Pasting my Bufferbloat results (8 Streams Down, 4 Streams up [as much as my cable connection will alow]; High Res Bufferbloat, 30 Secs Upload and Download, Dodge Compression Enabled). Don't know if this will help, @moeller0. Relatively quiet network allowed me to test further. Fast-Classifier Debug info rose to 3800+ in 3 hrs with around 2 active clients at the moment. @philjohn
(ignore the A+ forgot to change it a while ago prior to upgrading when it was still 5mbps max)
The offloaded count of 3338 in debug_info shows that it's working.
Check that number keeps increasing, but looks like you're good to go.
Which dissent1's version have you applied to which branch? And was SQM enabled on WAN interface?
I tried this pull request with lede-17.01 branch with SQM applied to WAN, but they didn't work together well.

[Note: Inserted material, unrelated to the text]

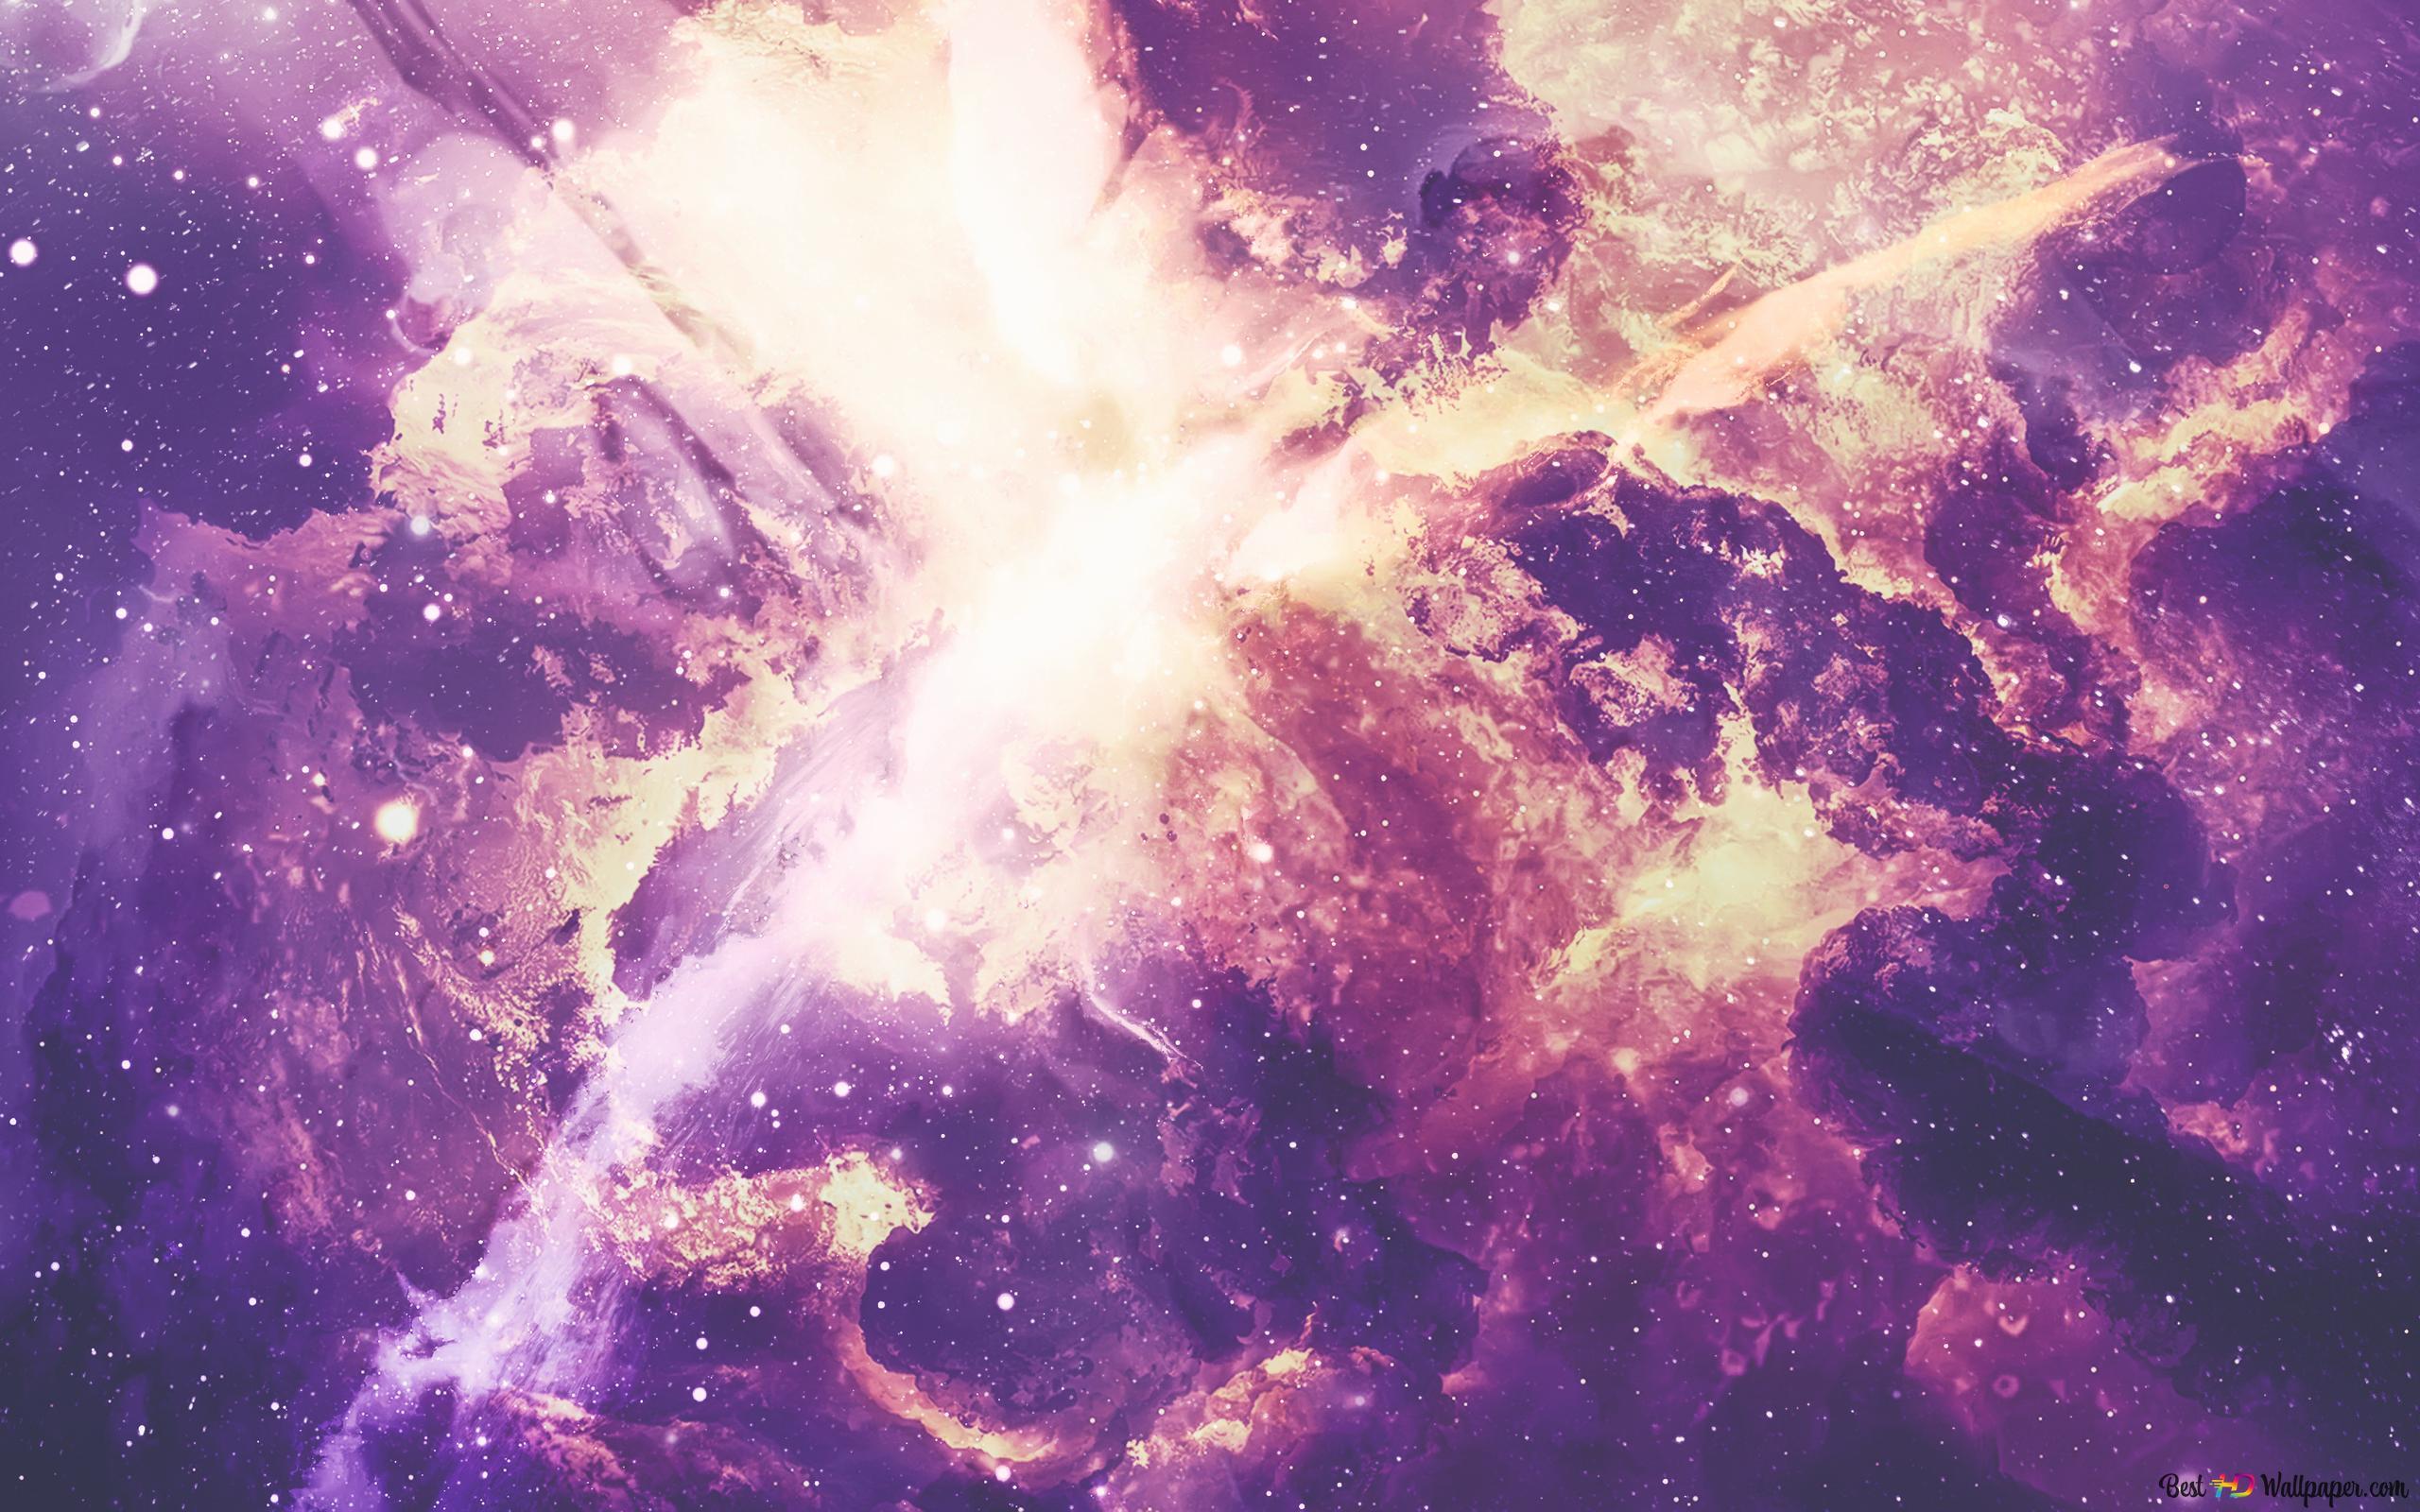 Interstellar HD wallpaper download

Current gwlim's version when only fast-classifier compiled with SQM@WAN:
- it only "accelerated" 1 out of 2 separated VPN connection (don't ask why )
Current gwlim's version with both fast-classifier and shortcut-fe-cm compiled and SQM@WAN and
rmmod shortcut-fe-cm (!!!):
- both separated VPN connections were accelerated
So, for now, I added this into
rc.local with B.b) gwlim's version:
echo 1 > /sys/fast_classifier/skip_to_bridge_ingress rmmod shortcut-fe-cm
Thanks for both of you your work!
EDIT: It turned out that both B.a) and B.b) is wrong with gwlim's patch.